_WHAT YOU SHOULD DO:_ Reproduce each line of the following material exactly, omitting the images.

── GIVEN INFORMATION

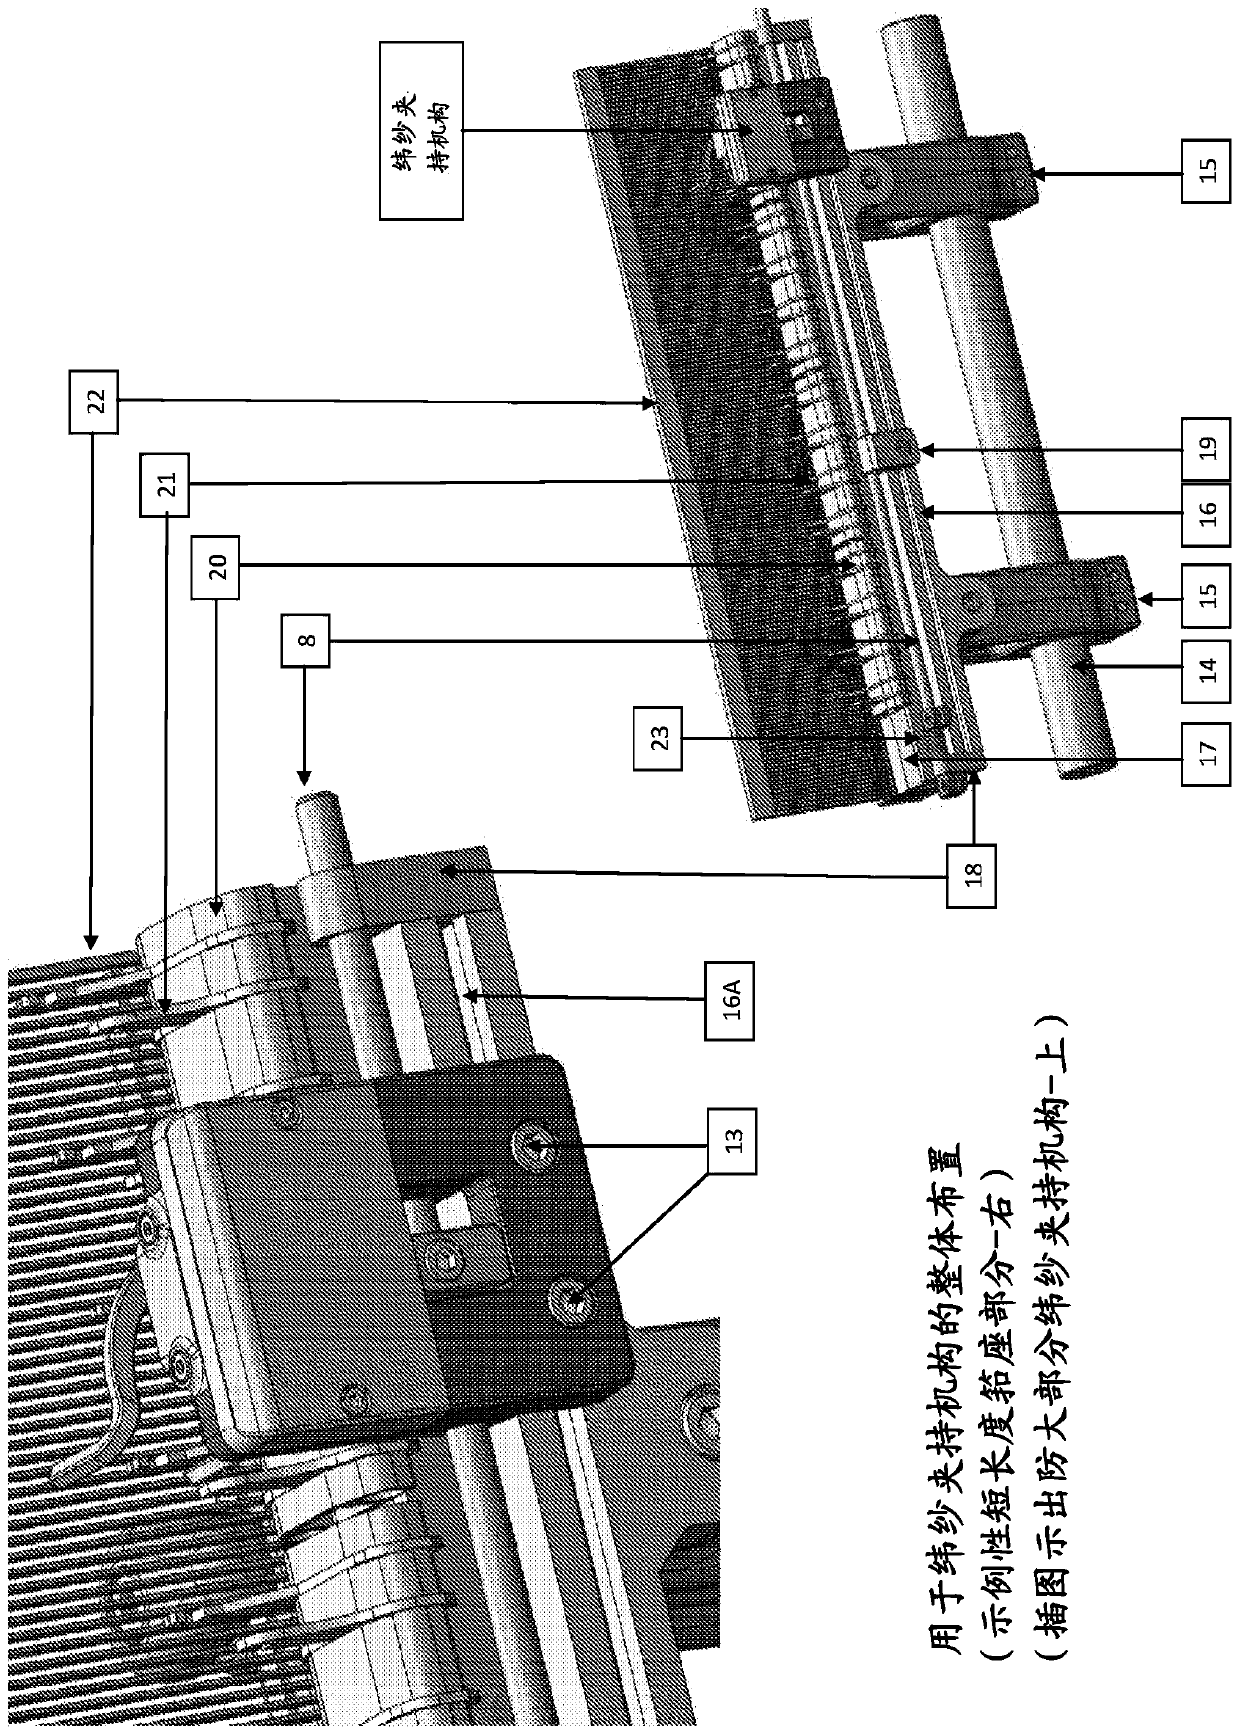 Weft gripping mechanism for shuttleles weaving machines
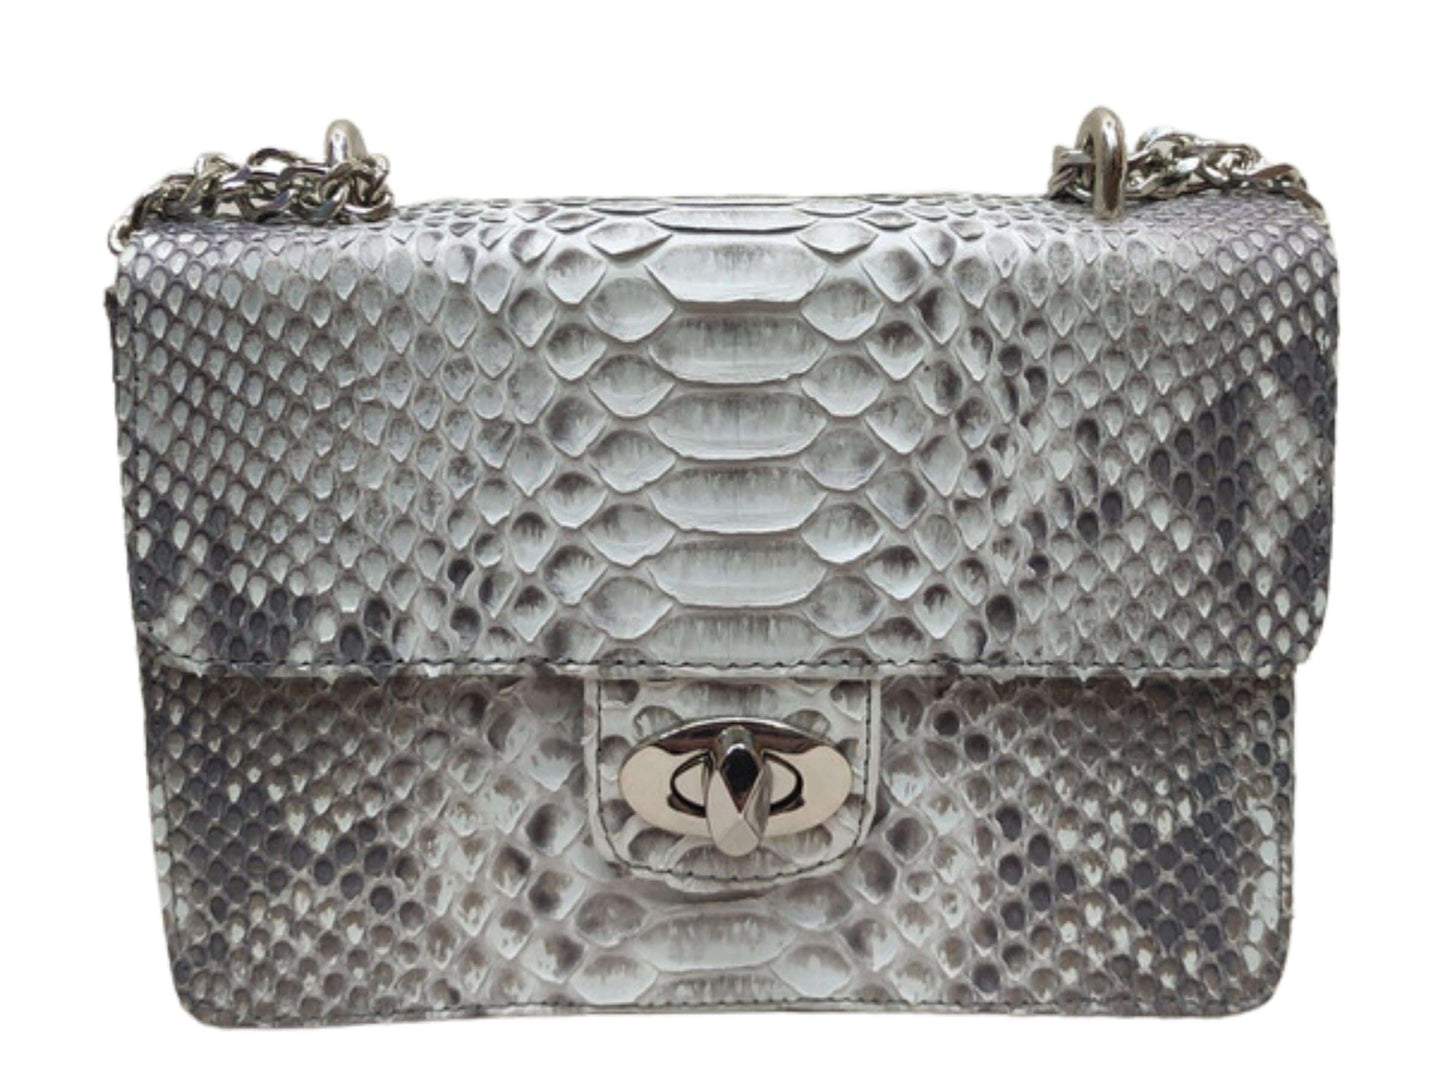 Python Bags Snakeskin Evening Handbag for Women Gray Python Jacket by LFM Fashion
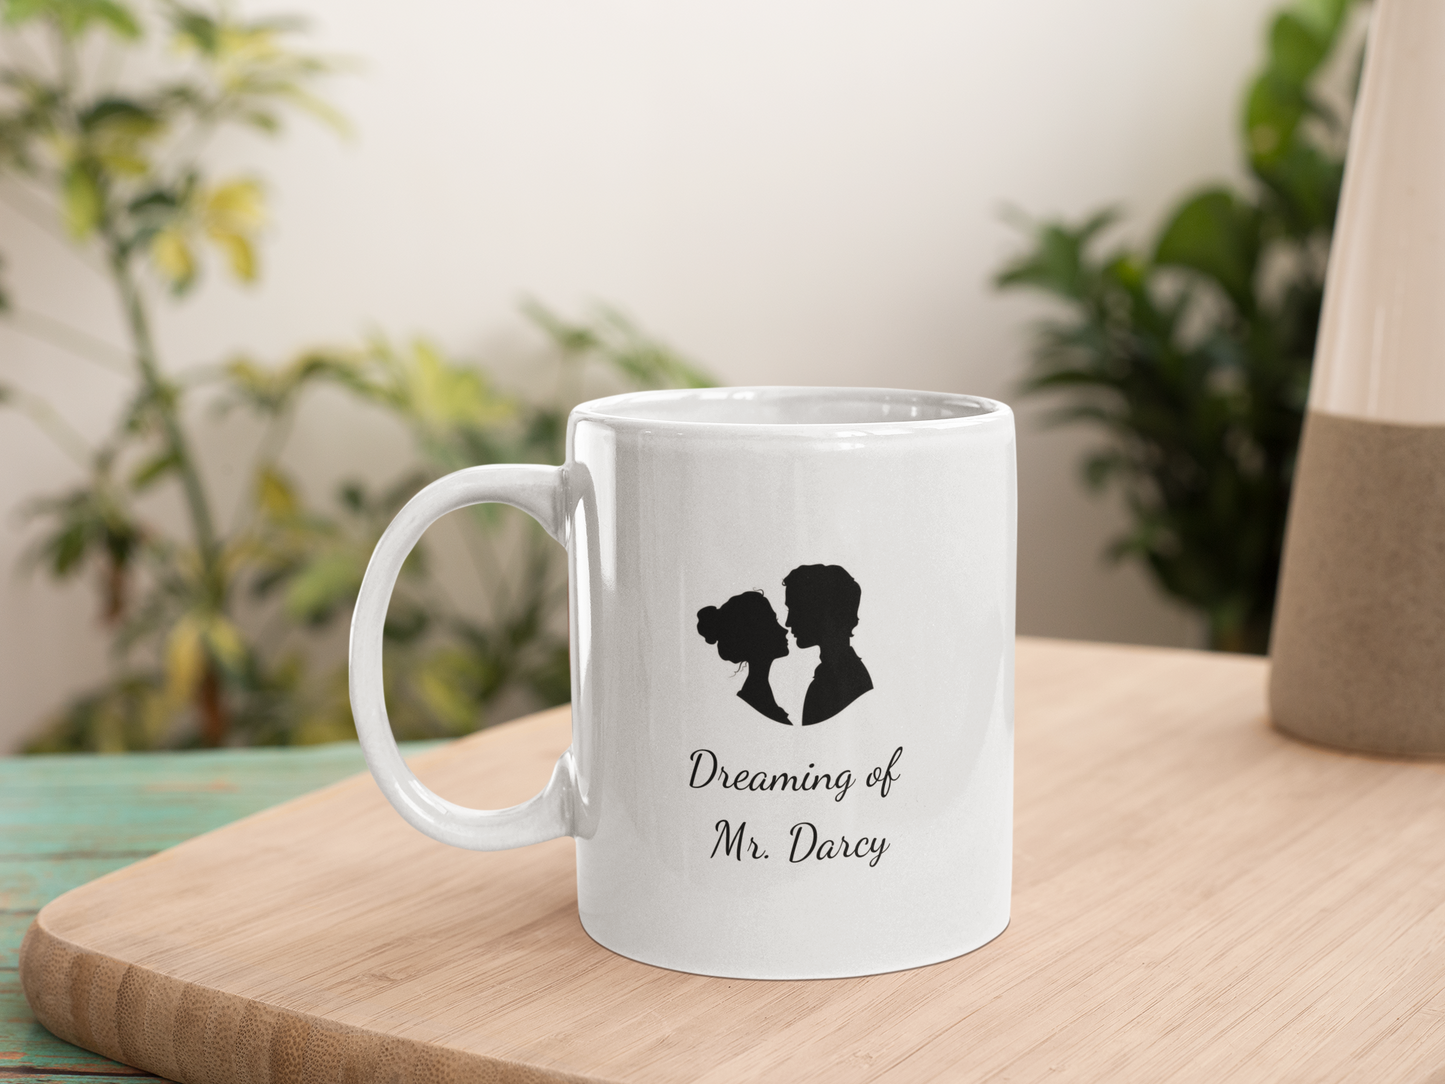 Dreaming of Mr. Darcy Mug
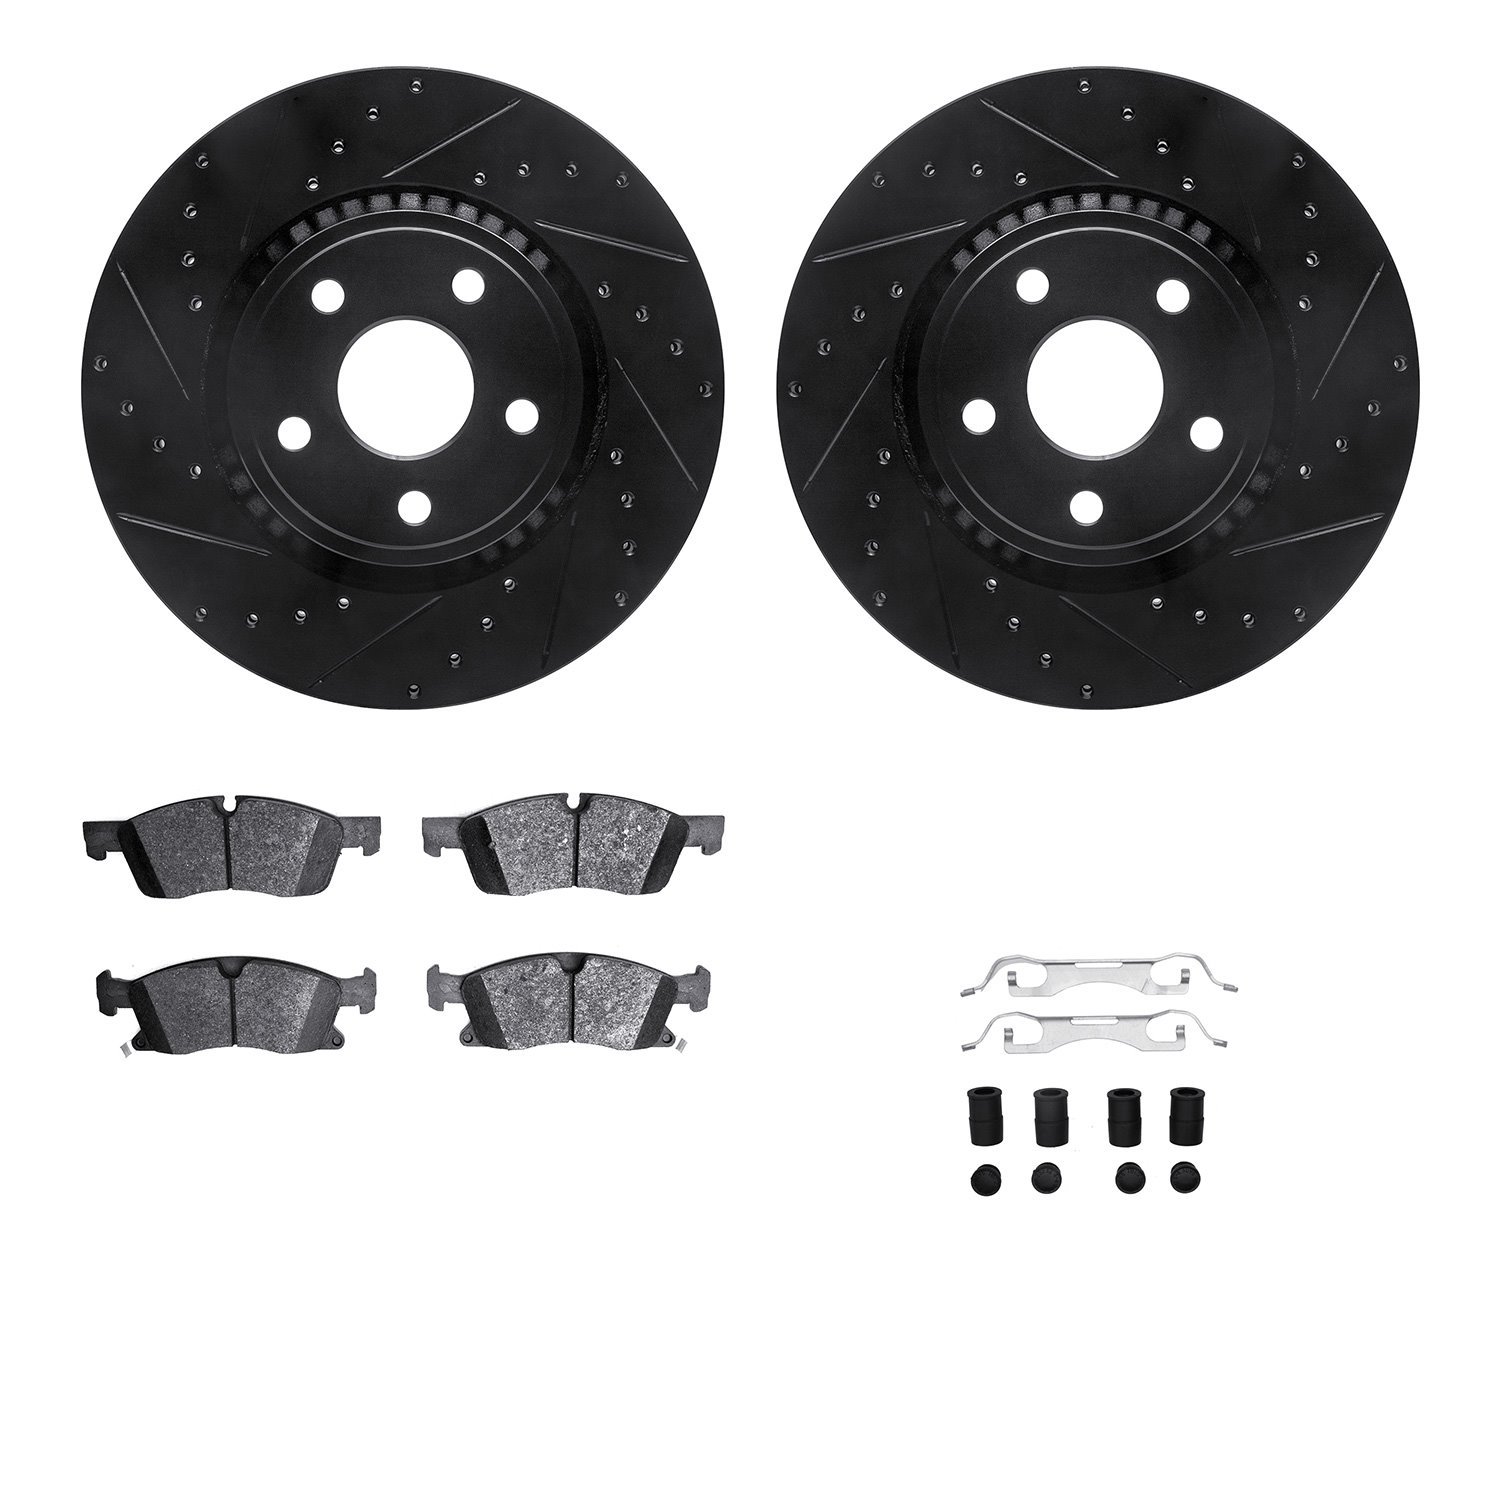 8412-42008 Drilled/Slotted Brake Rotors with Ultimate-Duty Brake Pads Kit & Hardware [Black], Fits Select Mopar, Position: Front

────

_EXPECTED ANSWER:_
 Weft gripping mechanism for shuttleles weaving machines
 Python Bags Snakeskin Evening Handbag for Women Gray Python Jacket by LFM Fashion
 Dreaming of Mr. Darcy Mug
 8412-42008 Drilled/Slotted Brake Rotors with Ultimate-Duty Brake Pads Kit & Hardware [Black], Fits Select Mopar, Position: Front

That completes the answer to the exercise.